Inclinei-me um pouco para a frente.
— Eu não retirei William da escola, não assinei documento algum e não tomei nenhuma decisão administrativa por ele. Eu o acompanhei porque ele estava com medo de vir para cá.
O diretor apertou os lábios.
— Ainda assim, apresentou-se esta manhã como futura esposa do pai.
— Porque sou.
— Isso não lhe concede autoridade legal sobre a criança.
— Eu nunca disse que concedia.
— Mas veio à minha sala para fazer uma denúncia em nome dele.
Aquilo finalmente esgotou o pouco de paciência que eu ainda tentava conservar.
— Não. Eu vim à sua sala contar que uma criança de sete anos estava sendo perseguida e agredida dentro da instituição que o senhor dirige. Não é necessário ter autoridade legal sobre uma criança para informar que ela está sofrendo violência.
A mulher próxima à estante desviou os olhos. O diretor permaneceu impassível.
— A senhora está mudando o ponto da discussão.

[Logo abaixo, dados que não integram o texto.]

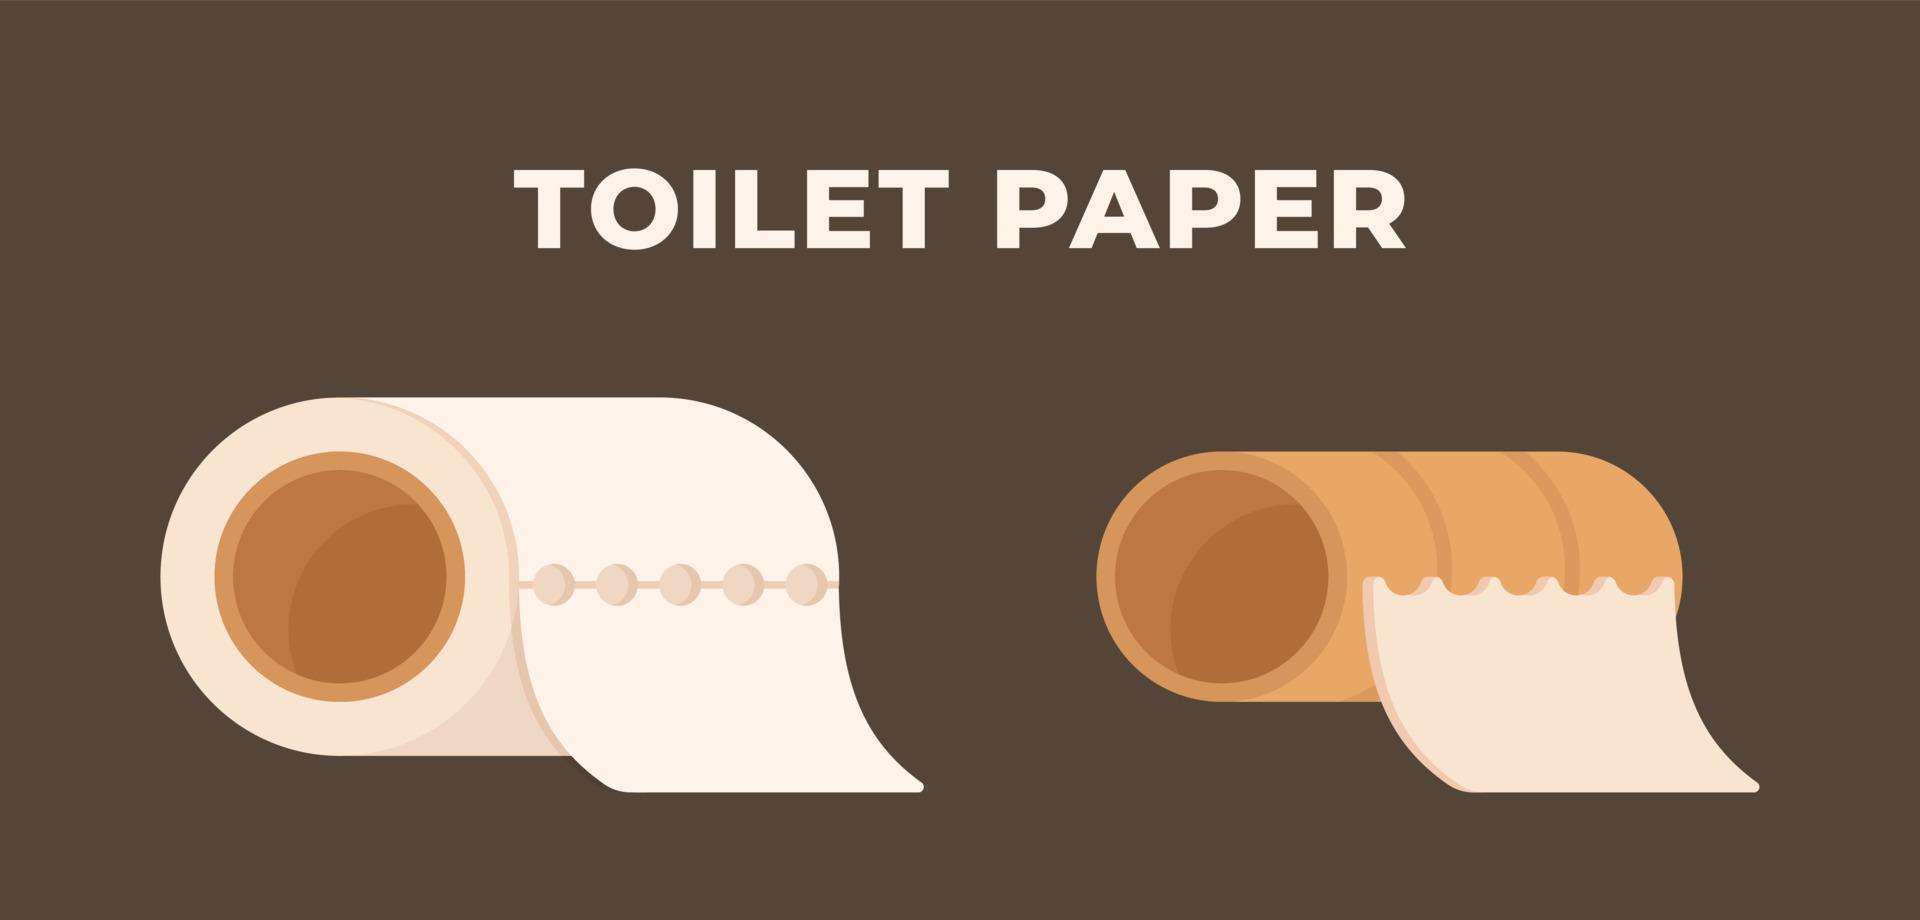 vektor illustration av toalettpapper isolerad på en brun bakgrund. städning på toaletten.
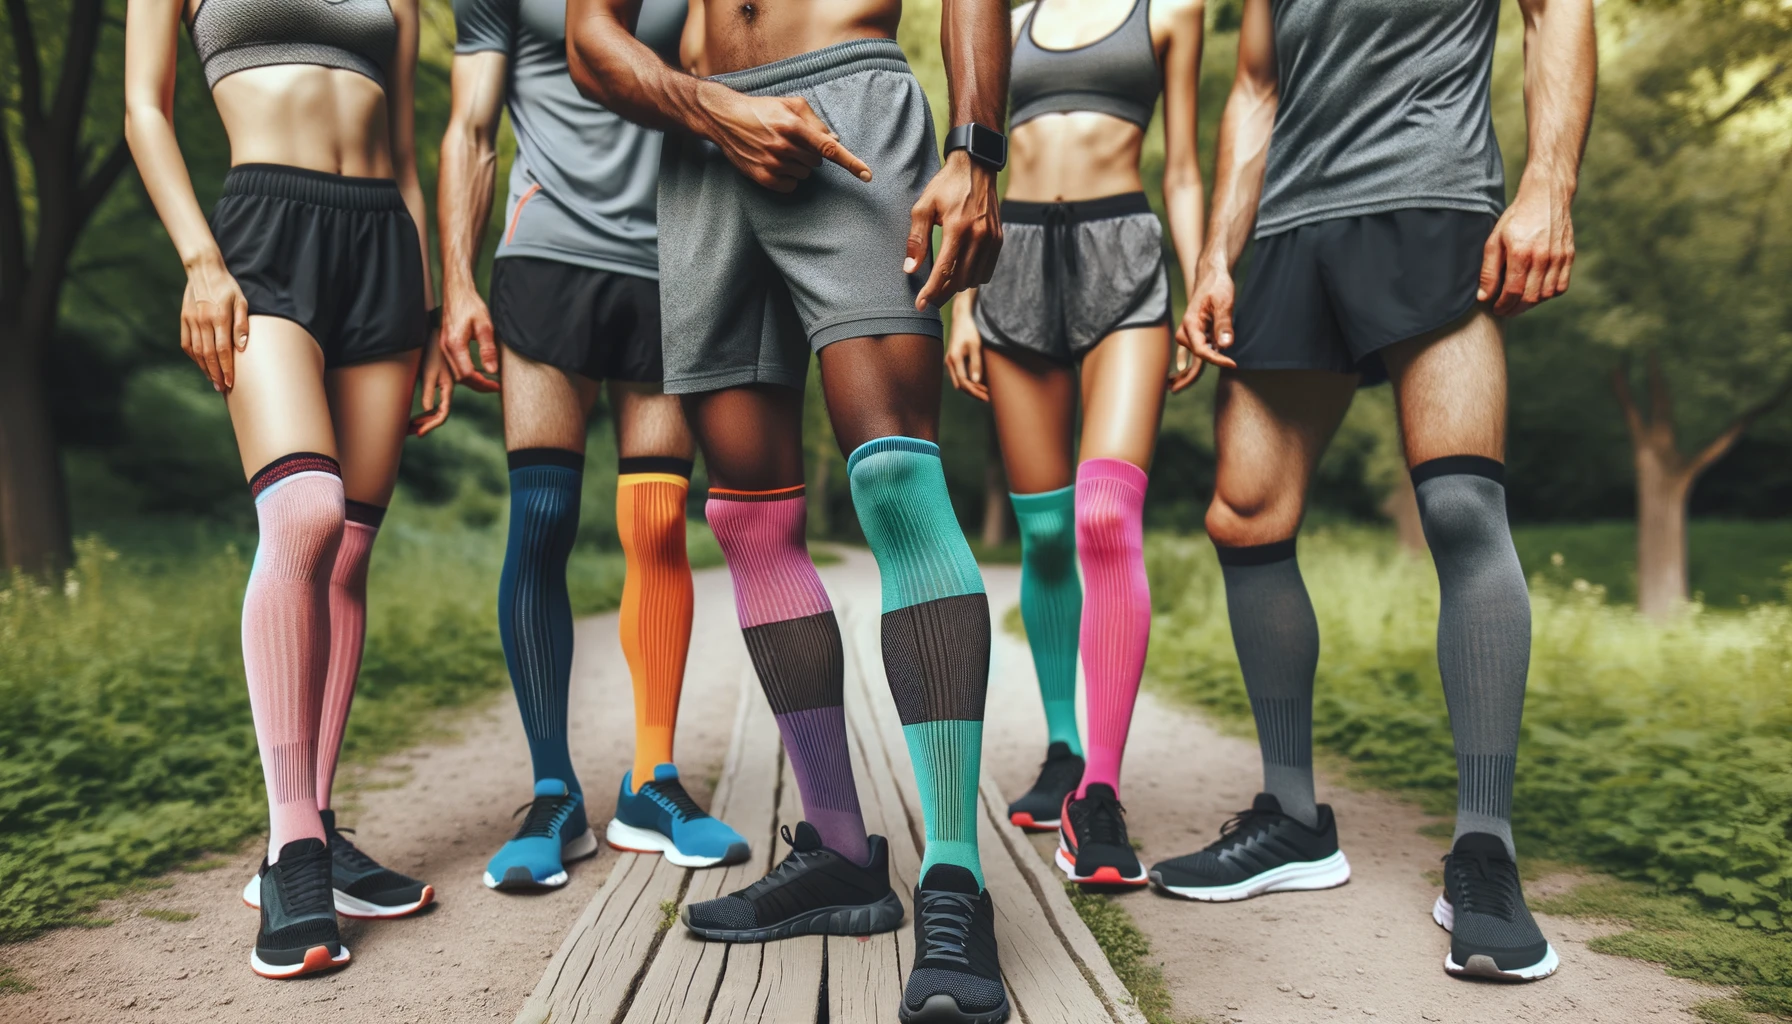 Foto einer Gruppe von Läufern, die zusammen stehen und ihre verschiedenfarbigen Kompressionssocken präsentieren.

Soltei uma pequena risada sem humor.
— Eu estou mudando o ponto? O senhor passou a manhã inteira falando sobre protocolos e agora que o problema que eu denunciei aconteceu diante dos meus olhos decidiu discutir se meu nome aparece na ficha de William. O senhor está mudando o rumo desta situação porque é muito mais conveniente discutir a minha autorização do que explicar como um menino de sete anos consegue ser levado para uma parte afastada do pátio por um adolescente de treze sem que nenhum adulto perceba.
— Mason Carter tem treze anos, sim, e a situação entre os alunos será investigada.
— Investigada? Eu vi.
— E existem procedimentos que precisam ser respeitados.
— Procedimentos que não impediram Mason de empurrá-lo no intervalo, roubar o lanche dele e, horas depois, levá-lo para outro pátio e bater nele.
O diretor apoiou as costas na cadeira.
— Neste momento, senhorita Miller, existe uma situação ainda mais grave.
Fiquei olhando para ele.
— Mais grave do que um adolescente bater em uma criança de sete anos?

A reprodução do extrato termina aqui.